[Paper Review] DDPM(Denoising Diffusion Probabilistic Models)

4 분 소요

DDPM

Paper: Denoising Diffusion Probabilistic Models ; arxiv

Diffusion Process는 Markov Chain과 Gaussian distribution을 기반으로 image로 부터 noise를 더해가는 과정인 Diffusion process와 이 process를 보고 학습을 통해 noise로 부터 이미지를 생성해내는 denoising process로 이루어져 있다. DDPM 모델은 학습 파라미터들을 부분적으로 상수로 정의함으로써 그 수를 줄여 모델 학습 과정을 단순화하여 Diffusion Model 발전의 시초가 된 모델이다. DDPM 논문의 핵심은 neural network로 표현되는 p 모델이 q를 보고 noise를 걷어내는 과정을 학습하는 것이다.

Diffusion

Diffusion Process (Forward Process)

Forward Process

$ q(X_{1:T}|X_{0}) $ : q는 이미지로부터 noise를 주입하는 과정으로 Markov Chain에 따라 0 step부터 T step까지 $\beta_{t}$를 이용하여 확률분포로 나타내었다. $\beta_{t}$는 Beta scheduling(Cosine Scheduling이 가장 성능이 좋다고 한다)을 이용하여 미리 constant하게 정해놓았기에 Diffusion Process에서는 trainable parameter가 없다. Diffusion Process는 Denoising Process를 진행하는 Network의 본보기로 사용되는 것이다.

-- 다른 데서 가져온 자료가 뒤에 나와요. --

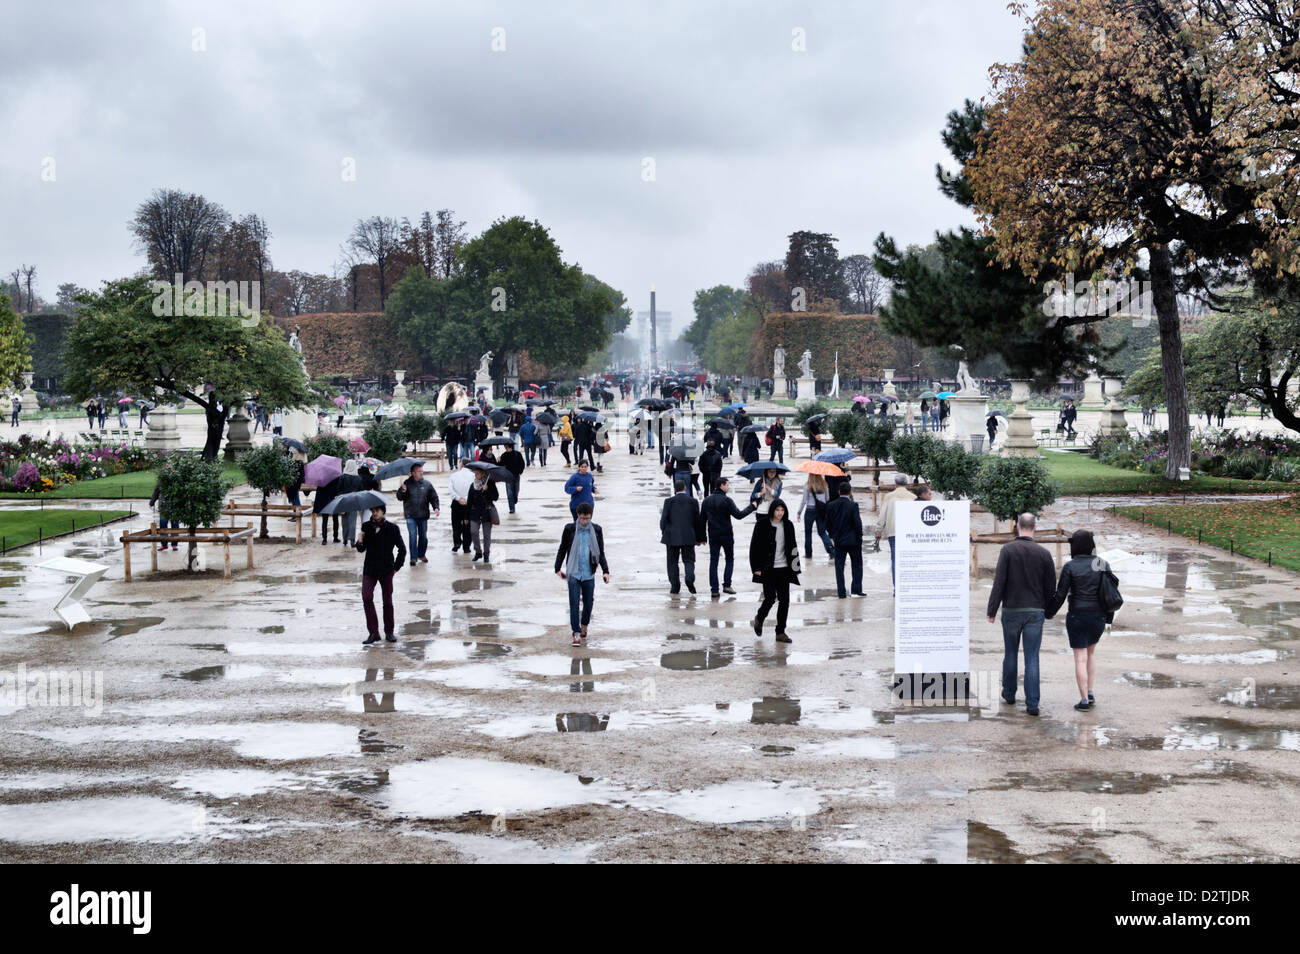 Paris, France - people with umbrellas walking through the Jardin des Tuileries on a rainy day Stock Photo

$ q(X_{t}|X_{t-1}) $ : $X_{t-1}$의 mean $ \mu_{t-1} $, std $ \sigma_{t-1} $ 을 알고 있을 때 $X_{t}$에 대한 확률분포이다. $X_{t-1}$은 Gaussian 분포를 띠기에, $X_{t-1}$를 나타내기 위해서는 $ \mu_{t-1} $, $ \sigma_{t-1} $를 알면된다.
$X_{t-1}$의 mean $ \mu_{t-1} $, std $ \sigma_{t-1} $ 을 알고 있을 때 $X_{t}$의 mean과 std는 다음과 같다.

$ \mu_{t} $ = $\sqrt{1-\beta_{t}} X_{t-1}$, $ \sigma_{t} $ = $ \beta_{t}$

$X_{t}$는 $ \mu_{t} $와 $ \sigma_{t} $로 표현되는 Gaussian 분포에서 샘플링한 결과이지만 Backpropagation을 위해 VAE(Various Autoencoder)에서 사용된 기법인 Reparameterization Trick
($X_{t}$ = $ \mu_{t-1} $ + $ \sigma_{t-1}$$\epsilon$ )을 이용하면 다음과 같이 나타낼 수 있다.

$X_{t}$ = $\sqrt{1-\beta_{t}} X_{t-1}$ + $ \sqrt{\beta_{t}}$$\epsilon$

=> Diffusion process를 보고 어떻게 Denoising network p가 denoising process가 되게 학습시킬 수 있을까? 이것이 DDPM의 핵심이다!

Denoising Process (Reverse Process)

Denoising process

Denoising Process의 과정은 $p_{\theta}(X_{t-1}|X_{t})$로 나타낼 수 있다. Denoising network p는 Forward Process q를 통해 학습하는데 상식적으로는 $q(X_{t-1}|X_{t})$를 학습한다고 판단할 수 있다. 하지만 $q(X_{t}|X_{t-1})$을 통해 $q(X_{t-1}|X_{t})$을 알수는 없다. 그렇다면 Denoising Network는 어떤 방식으로 학습을 진행해야 할까?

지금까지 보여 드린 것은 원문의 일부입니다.